=== Begin Enclosure ===
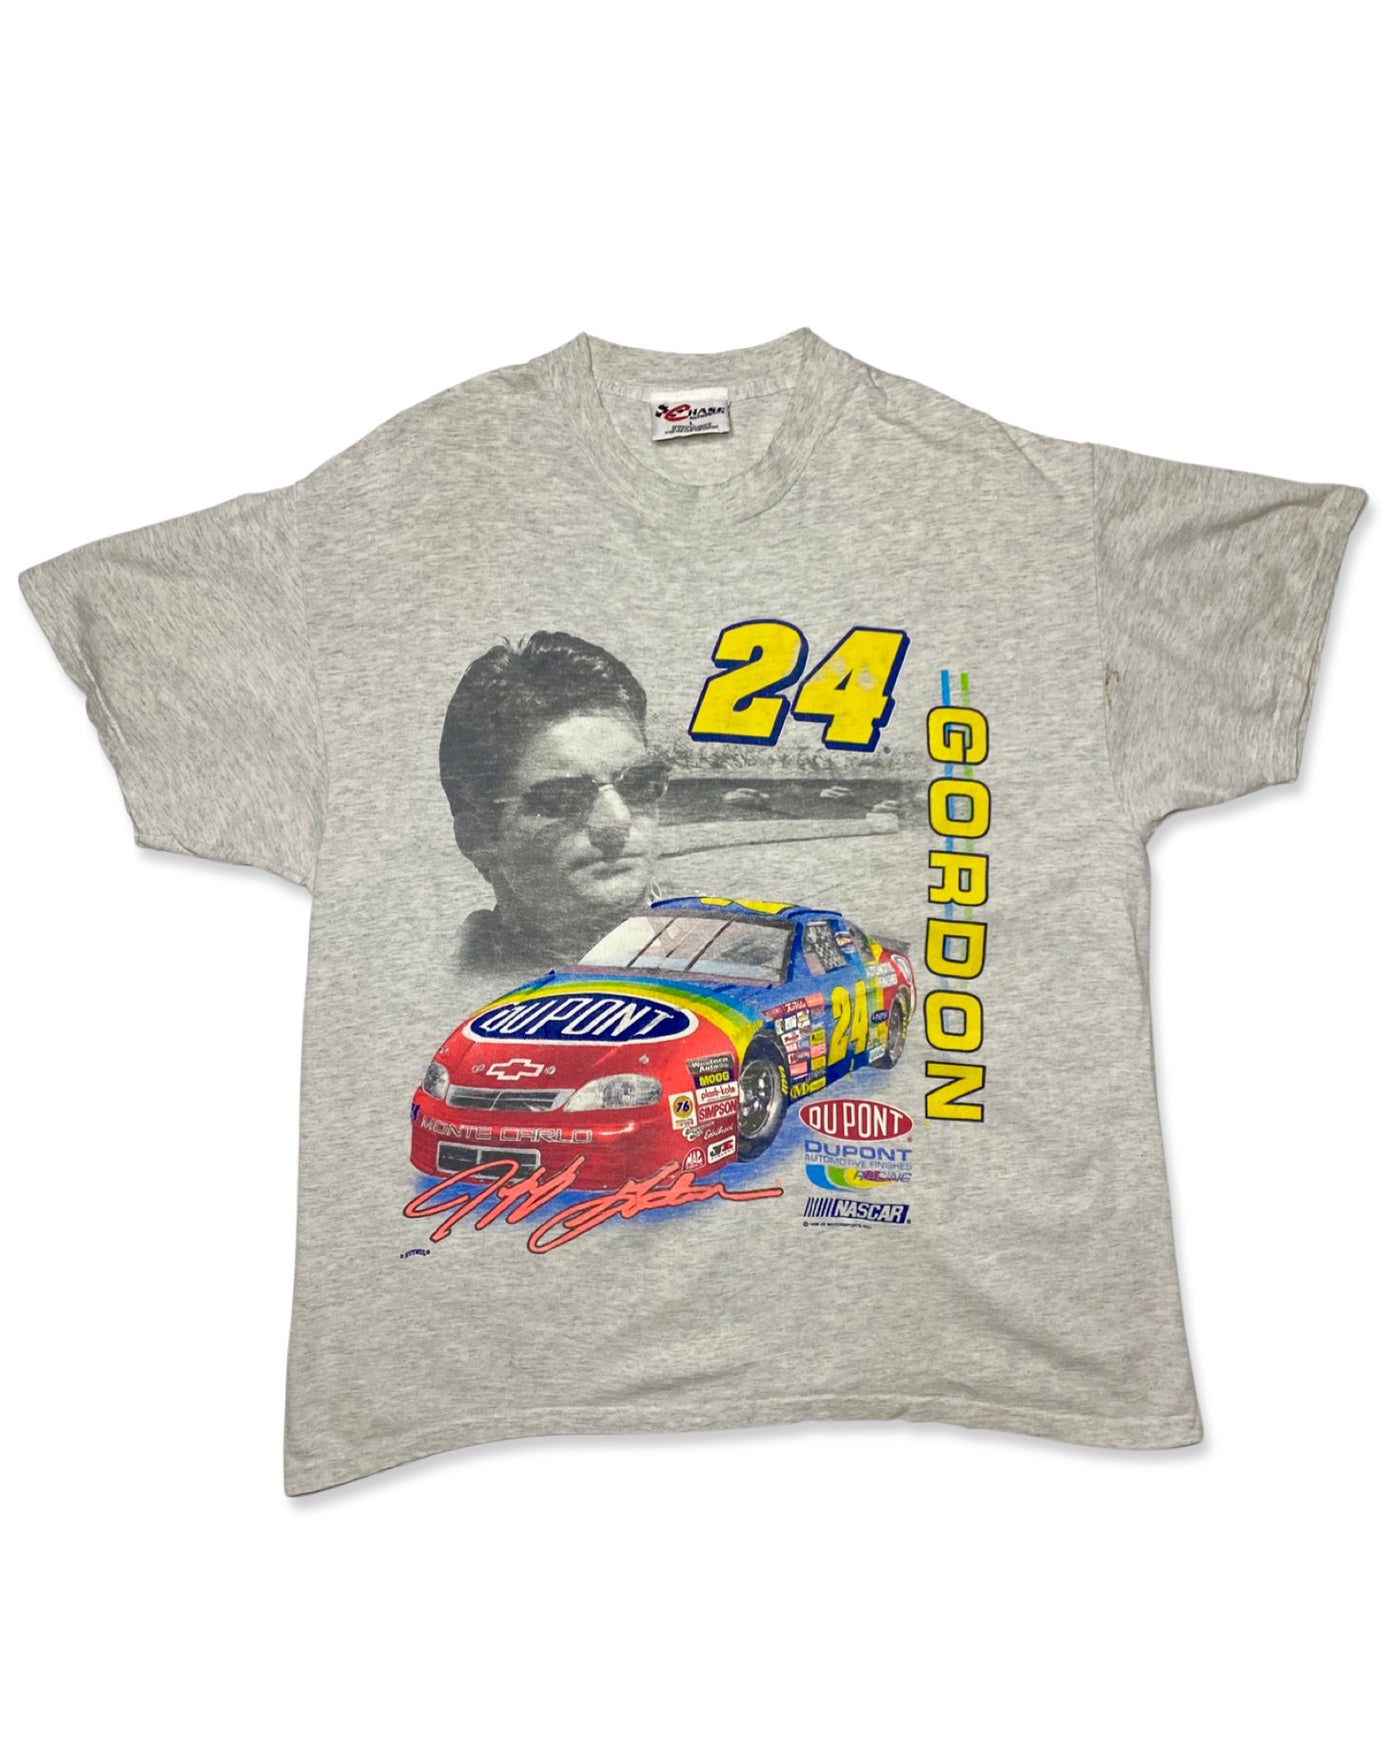 Vintage 1998 Jeff Gordon Racing T-Shirt
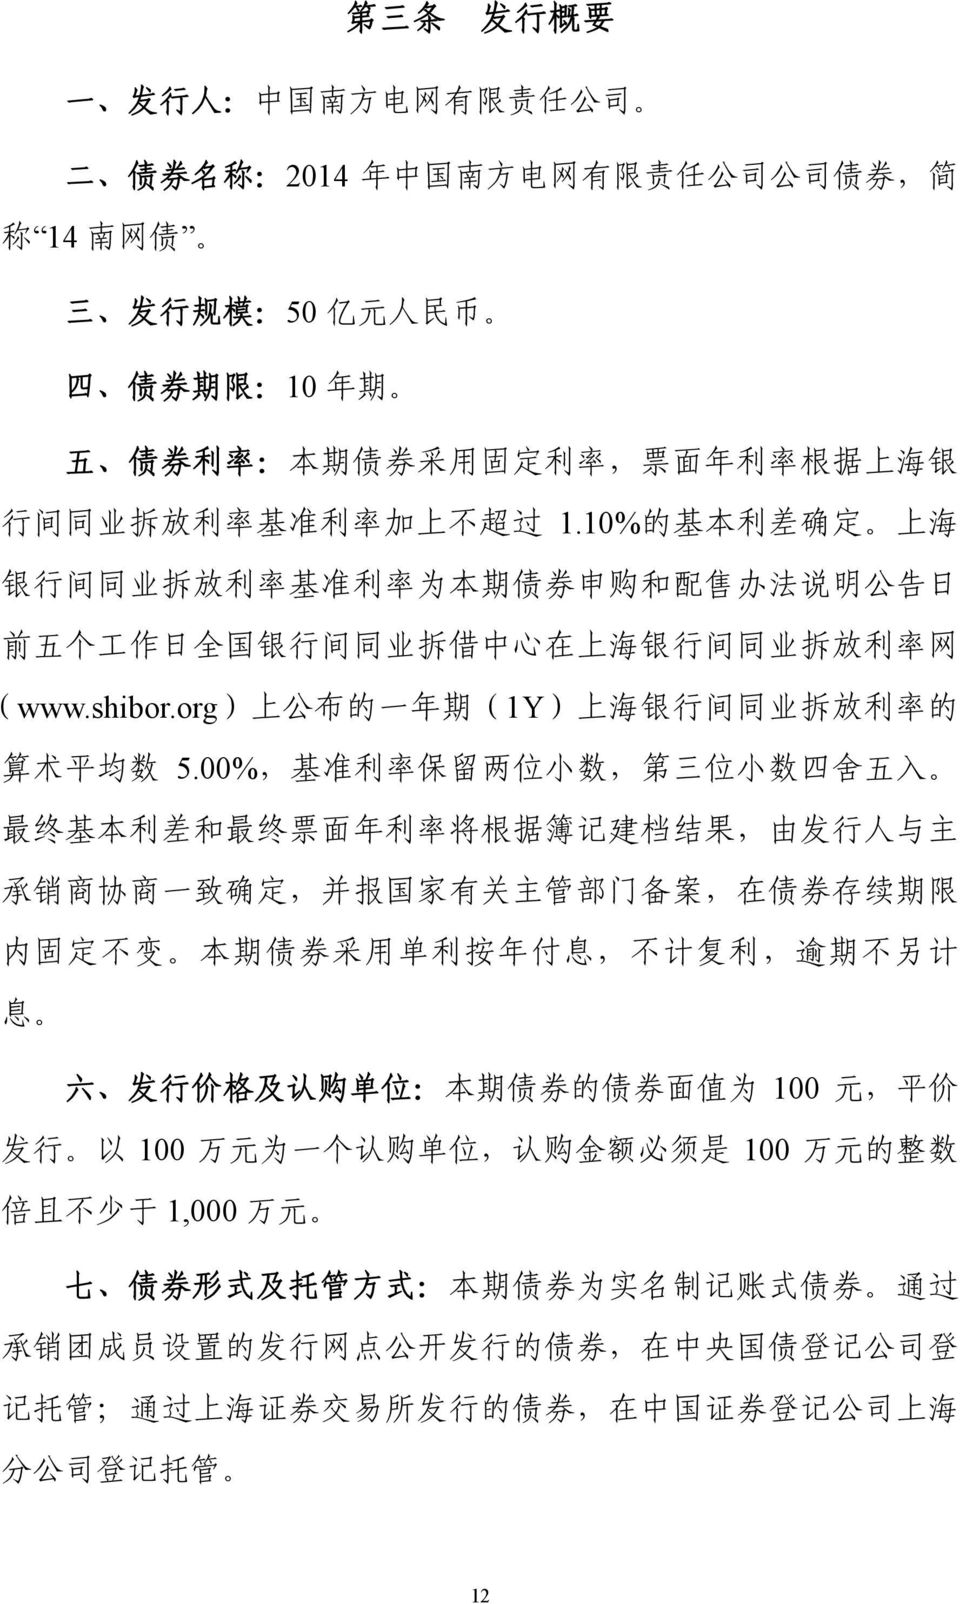 org) 上 公 布 的 一 年 期 (1Y) 上 海 银 行 间 同 业 拆 放 利 率 的 算 术 平 均 数 5.
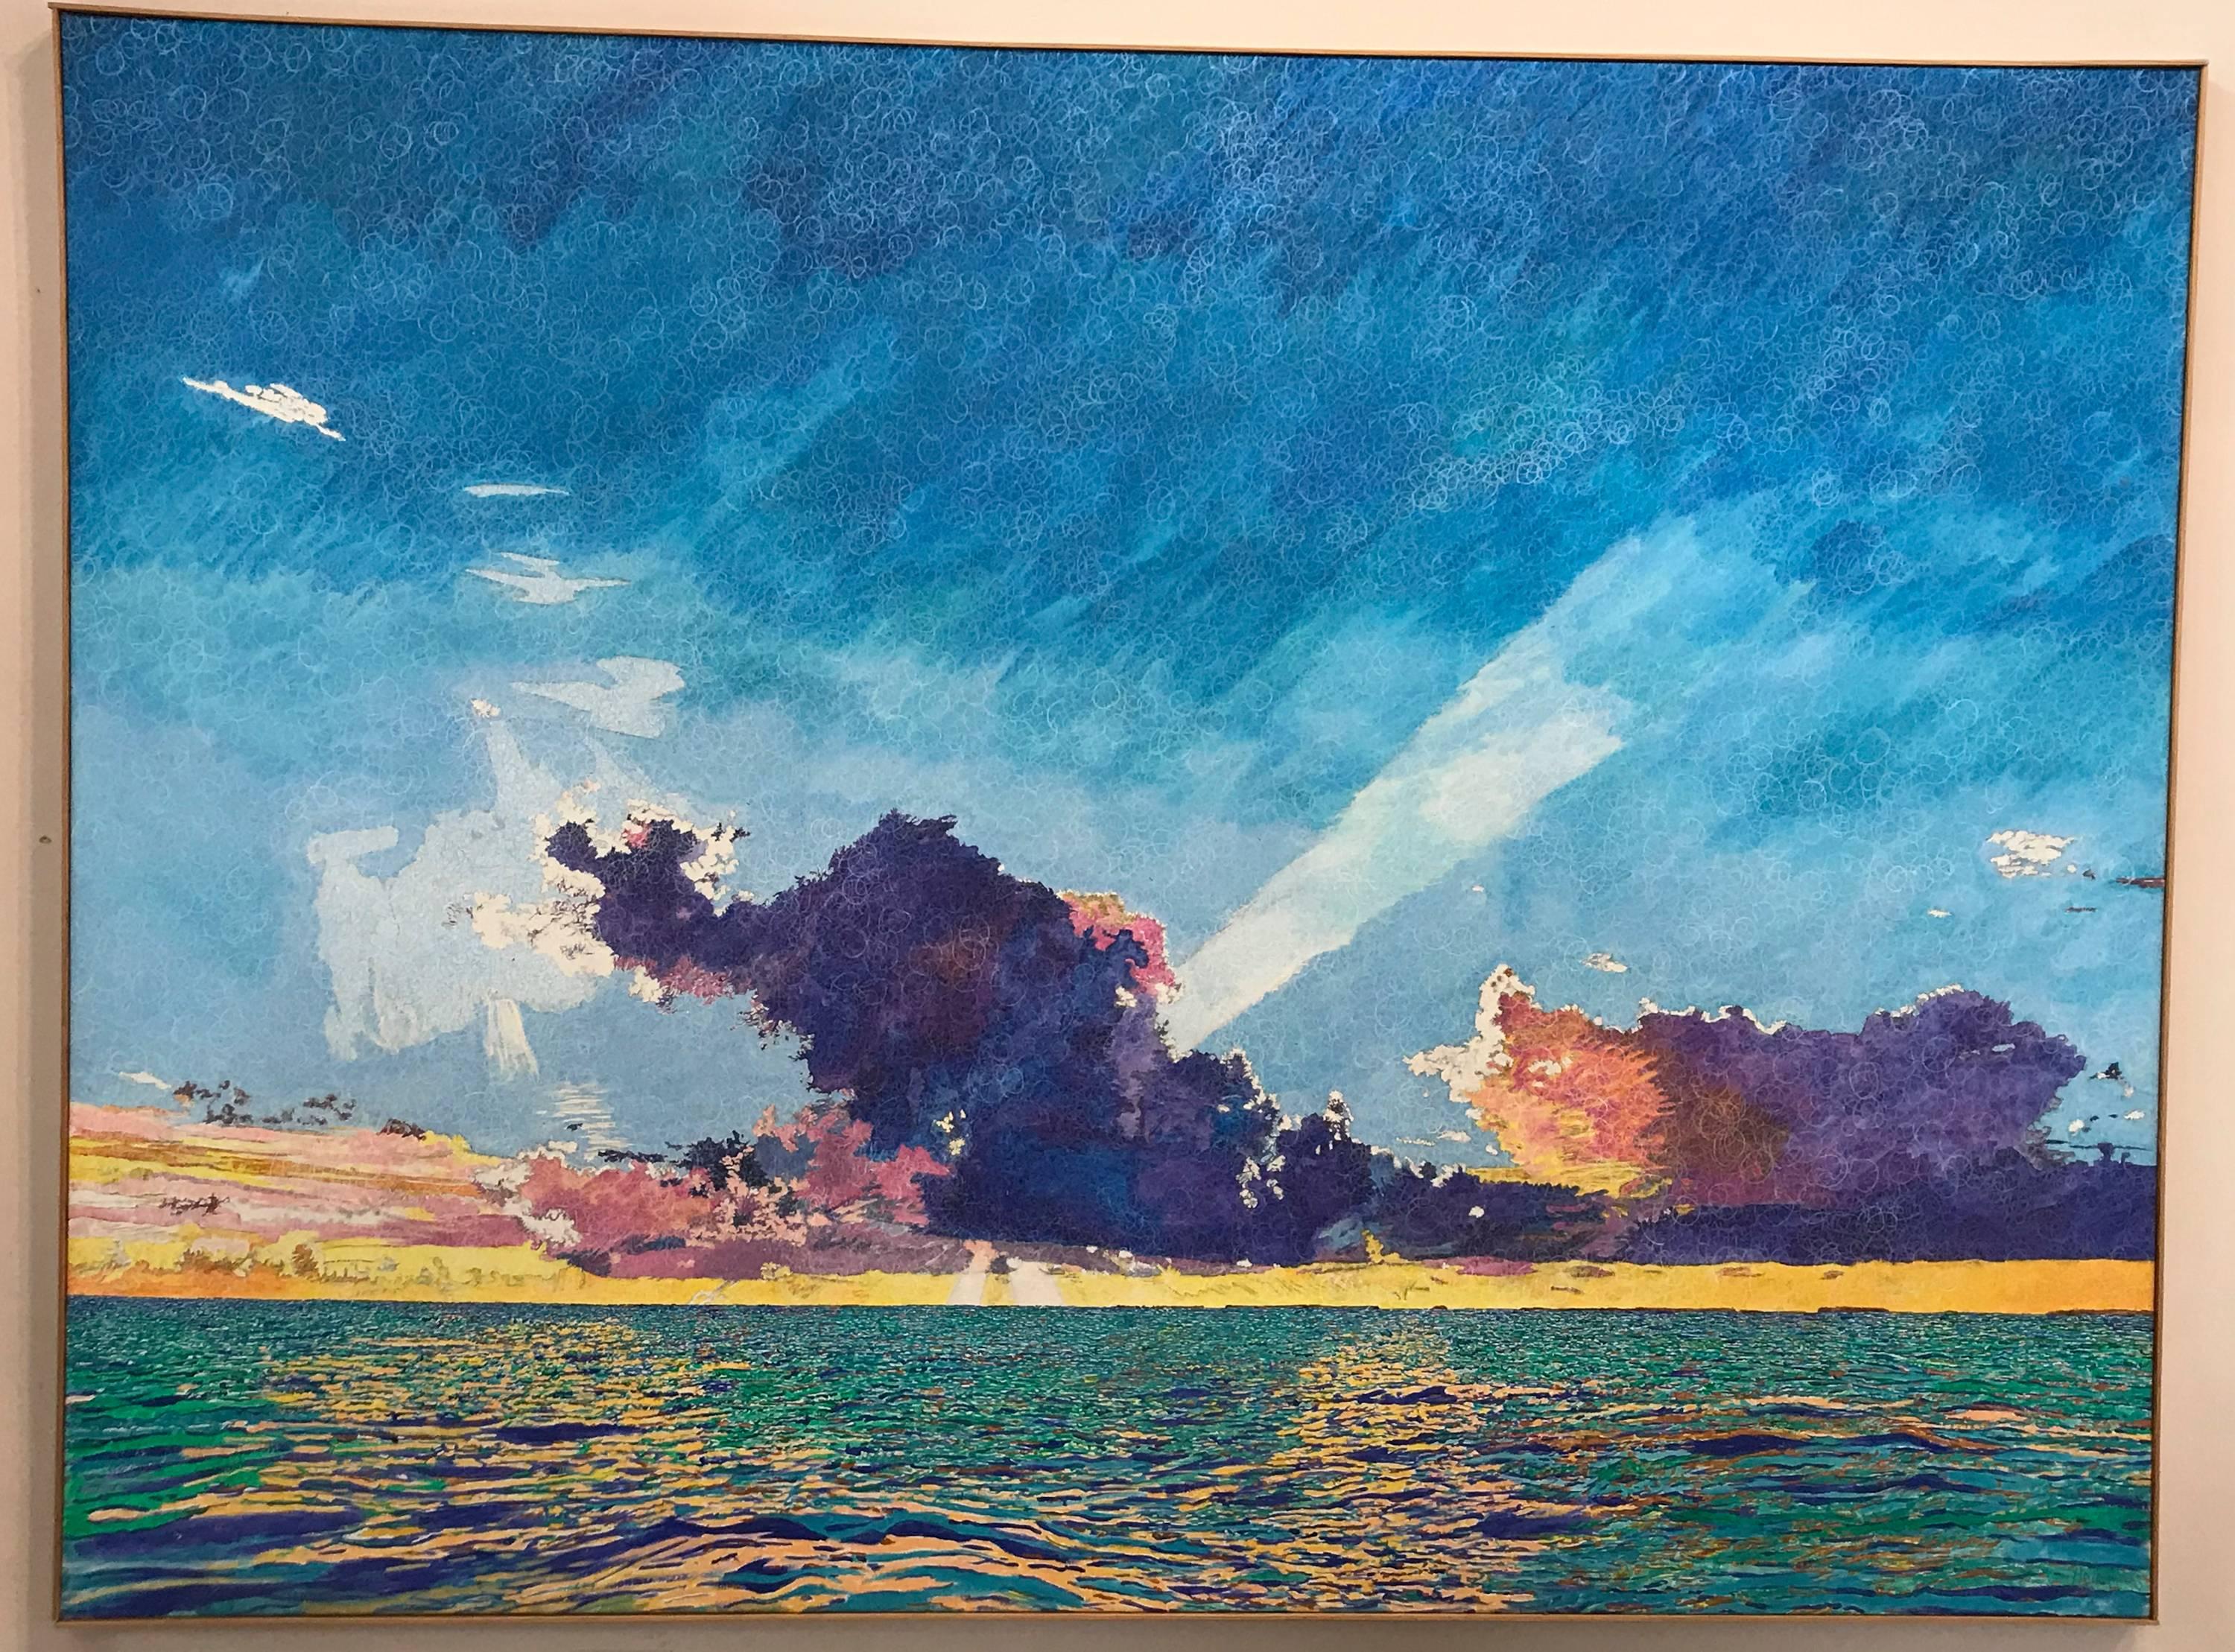 Atardecer Nubes marinas, Cayo Largo, azul, rosa, verde, pintura con textura, luz, grande
=== End Enclosure ===
__What the exercise asks__: Please return all of the material above exactly, minus any pictures.

__Reply__:
 Vintage 1998 Jeff Gordon Racing T-Shirt
 org) 上 公 布 的 一 年 期 (1Y) 上 海 银 行 间 同 业 拆 放 利 率 的 算 术 平 均 数 5.
 Atardecer Nubes marinas, Cayo Largo, azul, rosa, verde, pintura con textura, luz, grande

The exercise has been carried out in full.